Researchers Develop Novel Drop-on-Demand Bioprinting Technique

Medical scientists have made enormous progress in bioprinting. The mere reality that they have advanced far enough to sustain tissue in a lab—as well as implanting it into the human body for successful treatment—is astonishing. The world of 3D printing and bioprinting continues to escalate in progress as researchers break through limitations and barriers. Now, a research team has developed a novel drop-on-demand method for bioprinting cells with a low energy nanosecond laser, and their findings published in ‘Drop-on-demand cell bioprinting via Laser Induced Side Transfer (LIST).’

Growing cells and keeping them alive is difficult, to say the least, requiring the suitable formulation of materials and printing techniques; in fact, most technology today lacks the comprehensive capability for fabrication with bio-inks. Viscosity is a major problem as most bioprinting is performed via nozzles. This type of technology requires lower viscosity if fragile cells are to survive being extruded.

In this study, the researchers introduce the LIST technique, generating microbubbles at the end of a glass microcapillary. This action results in the ejection of a micro-jet filled with cells, in a direction perpendicular to the irradiation axis.

Overview of LIST (a) Schematic side view representation of LIST bioprinting (left) and indicative high-speed imaging of bio-ink ejection (right). The distal end of the capillary and the substrate have been identified with numbers. (b) Detailed schematic of the LIST bioprinting setup.

Sequences of snapshots showing micro-jet evolution and drop formation for different laser energies. The laser pulse was focused at the middle point of the capillary and 500 μm above its distal end.

While refining the process, the researchers noted the best conditions for bioprinting a human umbilical vein endothelial cell (HUVEC), with success at a 30Hz repetition rate and very little loss of viability. The automated LIST setup is comprised of:

• Laser beam delivery system
• Drop-on demand unit
• Micro-jet visualization system
• MATLAB automation and control via a graphical user interface (GUI)

To optimize printing, the researchers experimented with laser energy, varying it from 90 μJ (i.e., ejection threshold) to 130 μJ. In this specific process, the bio-ink jets were considered “less energetic,” and unable to penetrate the substrate. In some cases, the droplets bounced back in terms of decreased energy, with higher energy “splashing” behavior exhibited and different levels of relaxation occurring at varying contact angles.
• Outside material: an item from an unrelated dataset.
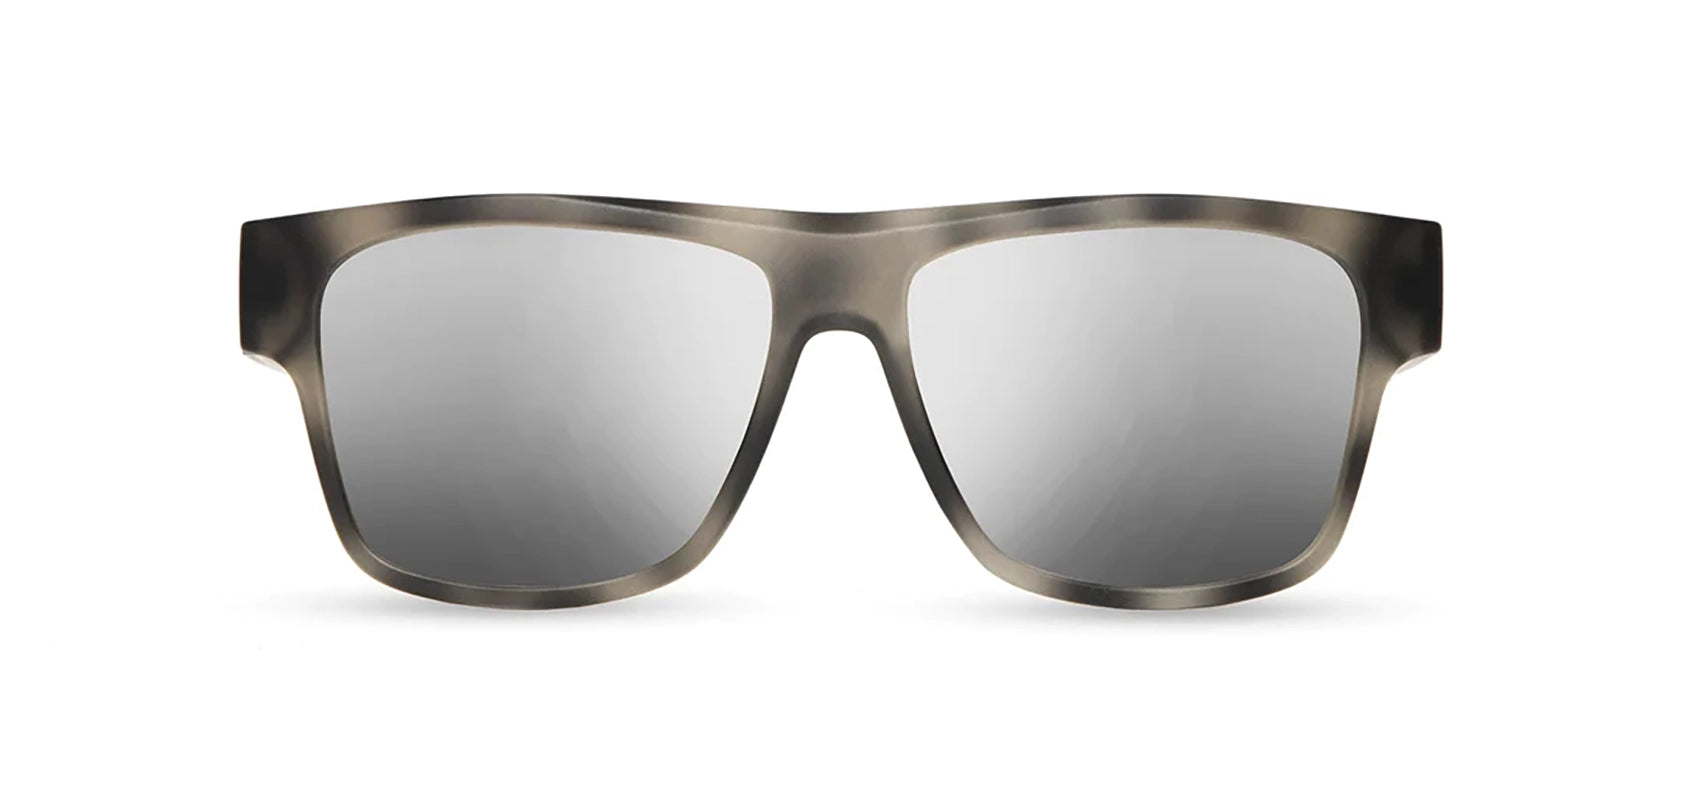 Shwood Camp- Cliff Sunglasses in Matte Grey Pearl / Walnut frames with Silver mirror polarized lenses, front  view

This type of behavior was discovered in LIFT micro-jets too.

(a) The dependence of the bio-ink jet front position on the laser energy. Gray symbols represent data points and black lines represent the best-ftted curve. N=10 (per energy). (b) The dependence of the droplet volume (dotted line) and droplet diameter (solid line) on the laser energy. N=10 (per energy).

(a) Optical microscopy images of LIST-printed HUVECs for various laser energies. (b) The number of cells per droplet for various laser energies.

A continual 500 μm distance between the laser focus position and the capillary distal end was used in this study, but the researchers suggested LIST performance could be better optimized with the “fine-tuning” of the parameter. While cells were still highly viable after printing, with a droplet size of 165 μm, the researchers recommended further experimentation with thinner microcapillaries or varying of viscosity. LIST is an adaptable technology, but range and issues with viscosity bear more study.

“LIST is technically uncomplicated and can foster 3D printing applications,” concluded the researchers. “It can potentially cover a technological gap in bioprinting technologies, between ink-jet printing and LIFT, as it could not only print bio-inks of high-viscosity but also support 3D printing of constructs with clinically relevant size.”

(a,b) Fluorescence microscopy images of LIST printed cells at 90 μJ. (c) Combined imaging channels, including algorithm-generated cell labeling marks. Green crosses indicate live cells and red crosses indicate dead cells. (d) The dependence of the HUVEC cell viability on the laser energy for 0, 1, and 3-days post-printing.
Nd indicates the number of droplets.